◆ WORK TO COMPLETE: Please restate word for word the lines of the entries below from the one with "Royalty free image" to the one with "A Guide to Dental", inclusive, and leave out every picture.

◆ ENTRIES SUPPLIED:
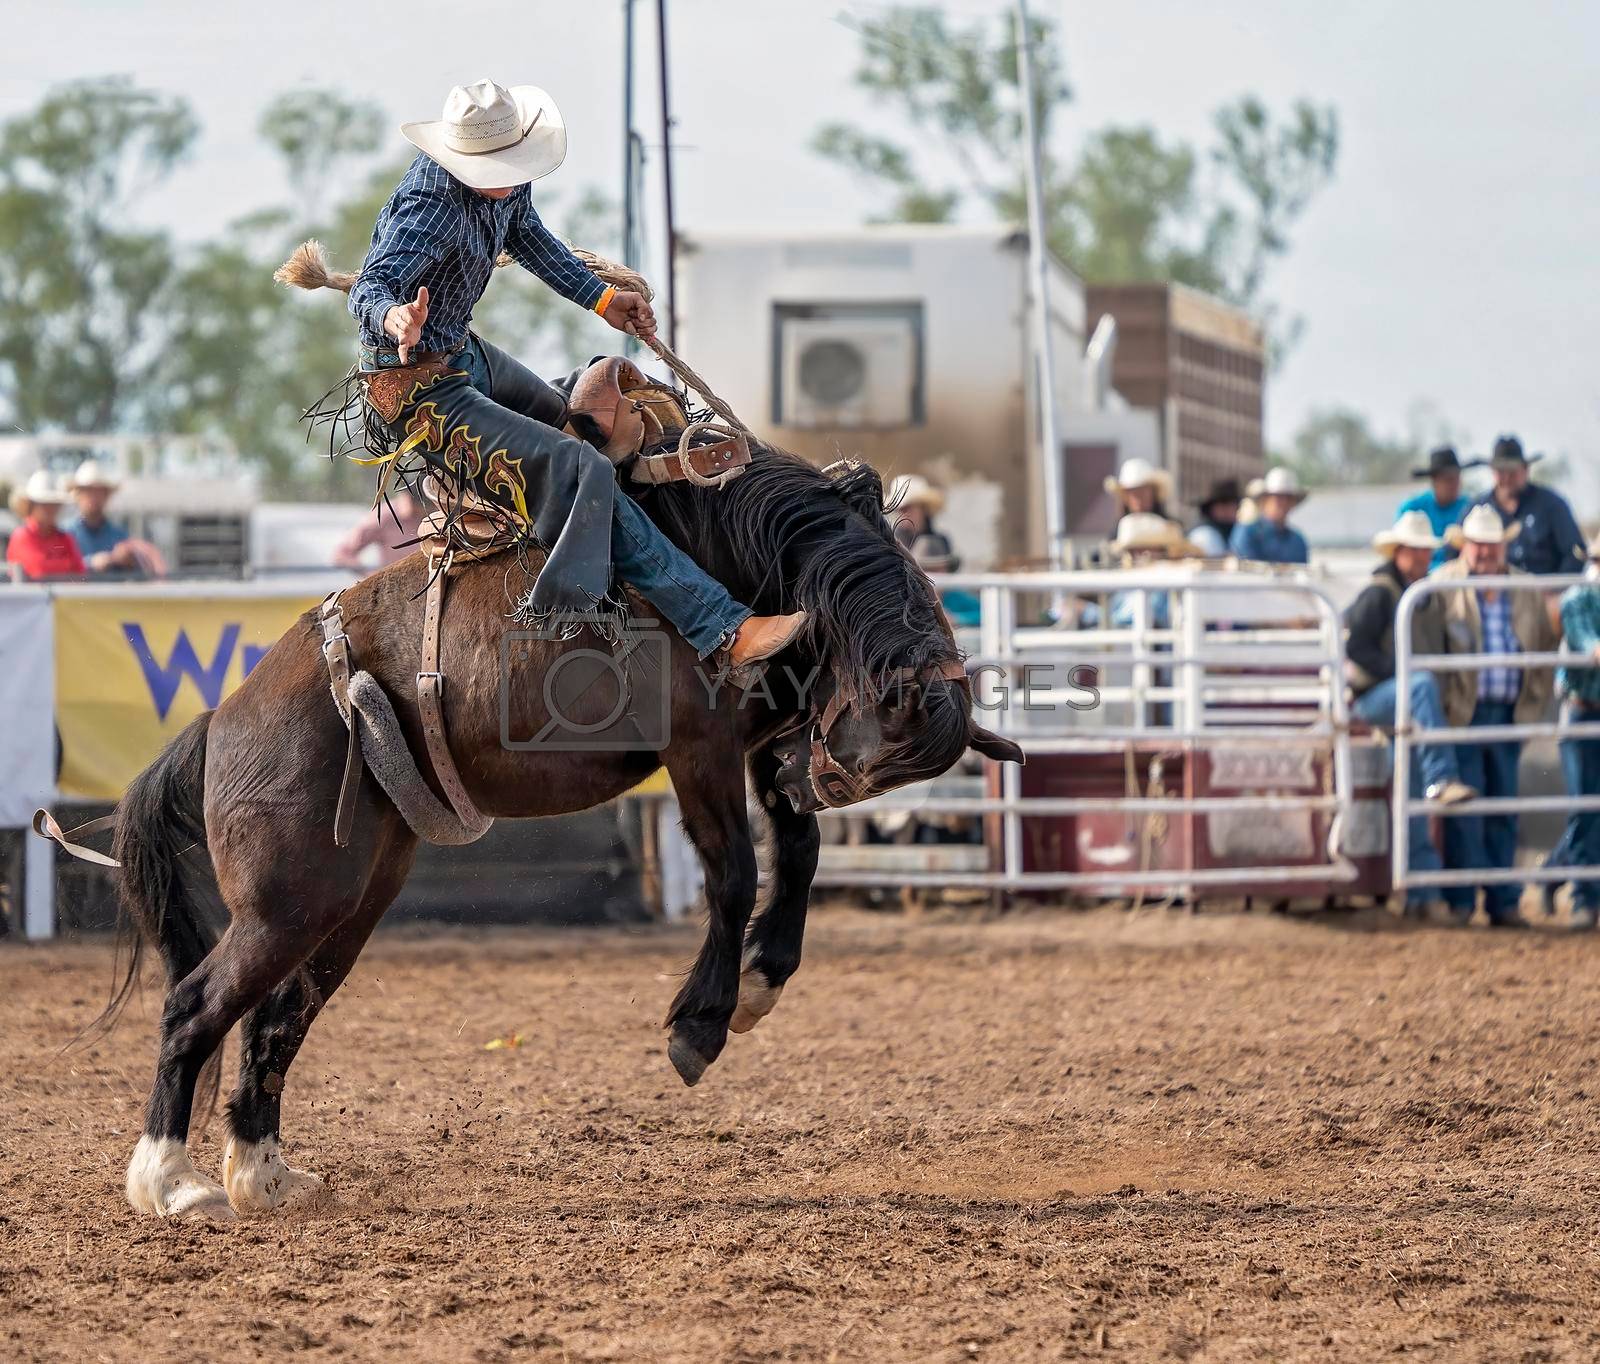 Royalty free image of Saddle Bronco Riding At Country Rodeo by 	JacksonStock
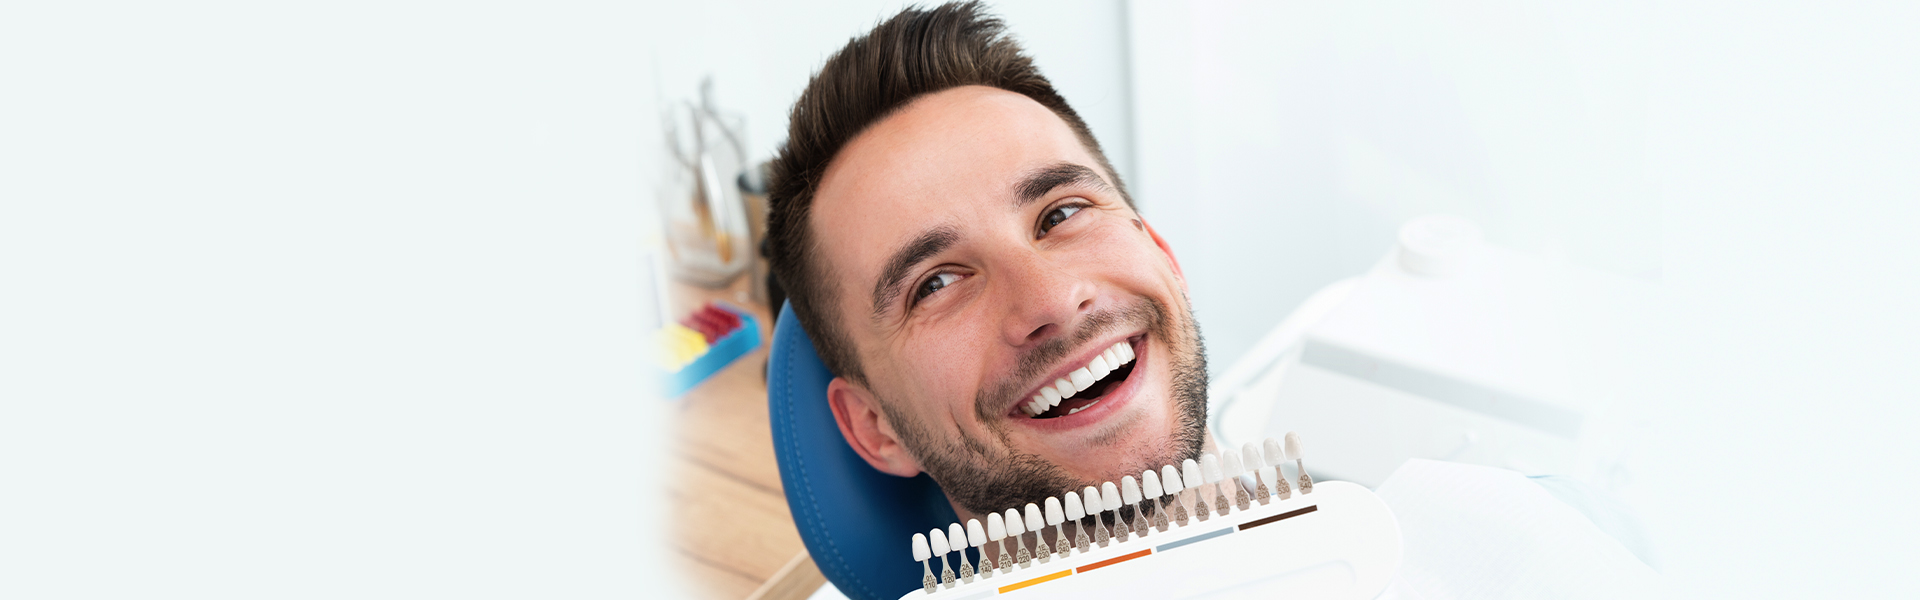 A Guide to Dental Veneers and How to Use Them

---

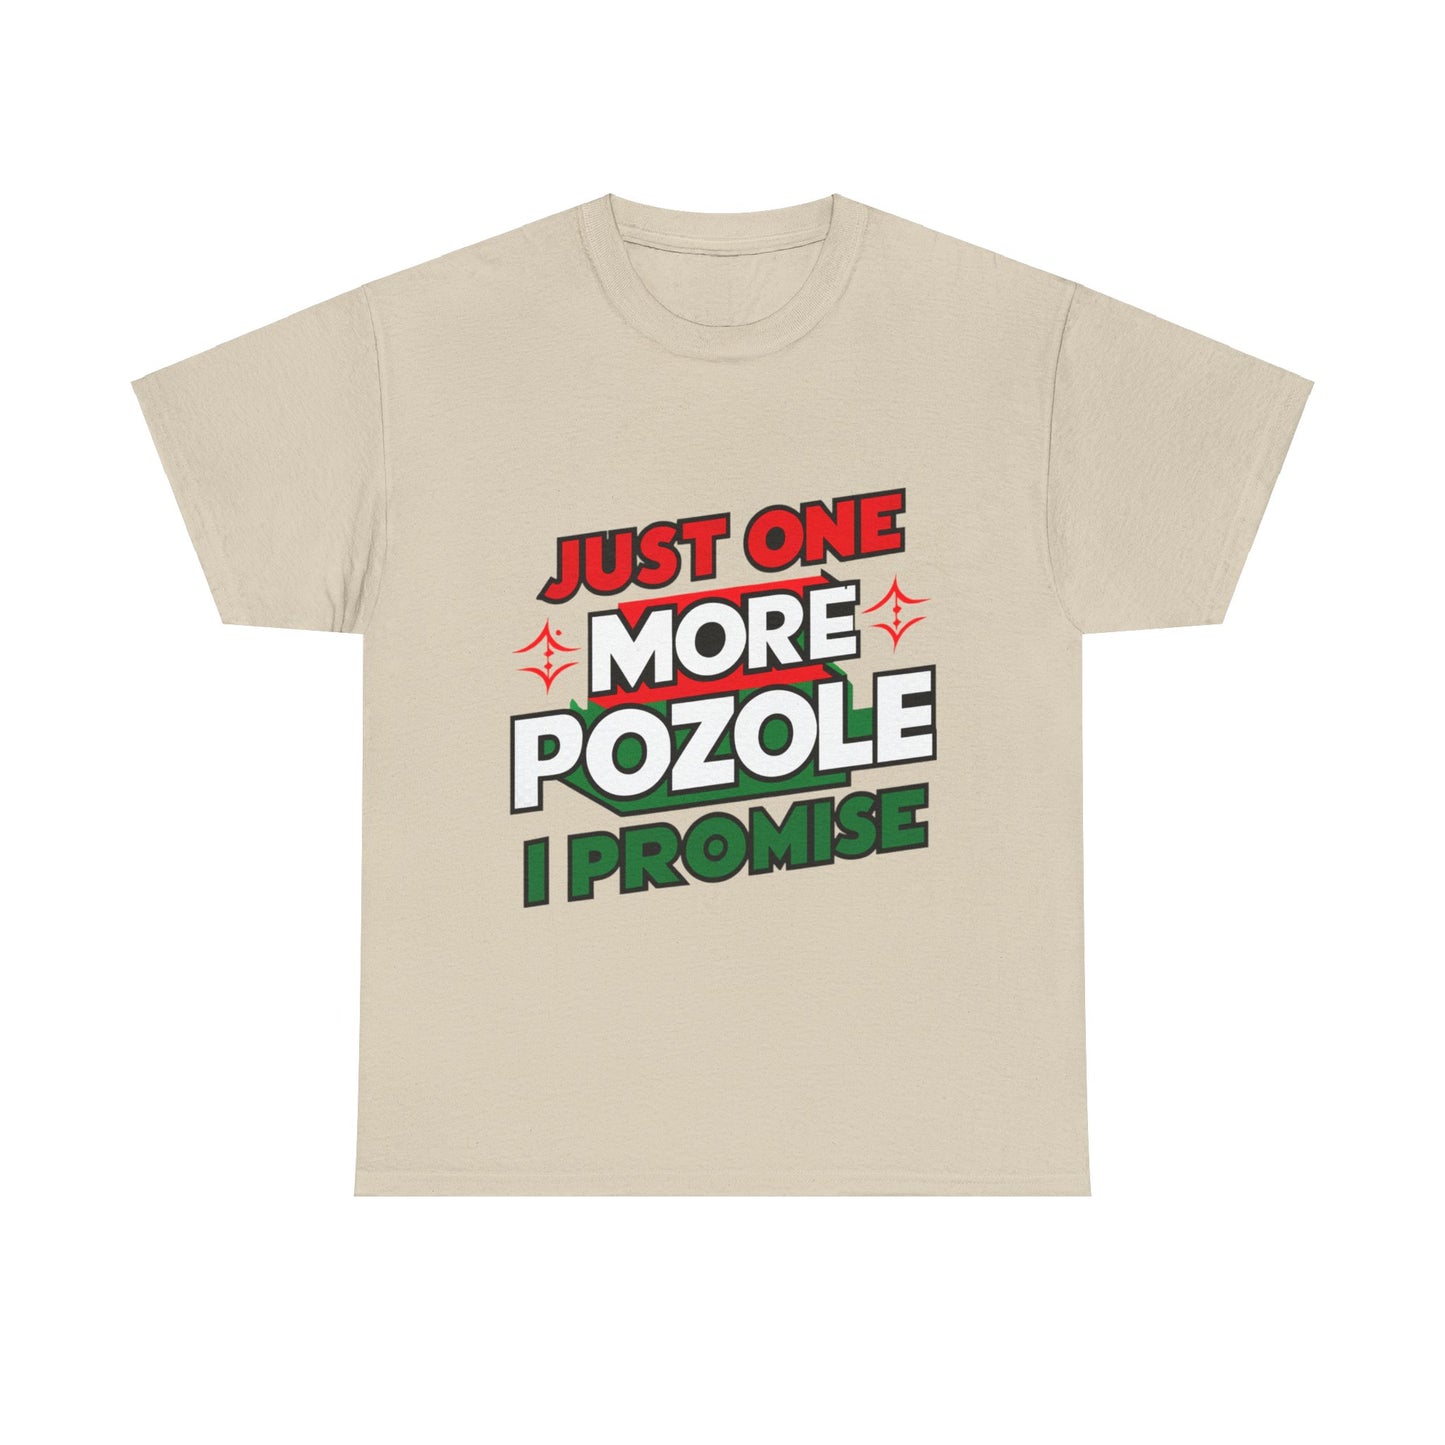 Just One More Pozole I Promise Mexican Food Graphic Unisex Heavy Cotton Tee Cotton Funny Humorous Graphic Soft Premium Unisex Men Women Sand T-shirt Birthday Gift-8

◆ EXERCISE RESULT:
 Royalty free image of Saddle Bronco Riding At Country Rodeo by 	JacksonStock
 A Guide to Dental Veneers and How to Use Them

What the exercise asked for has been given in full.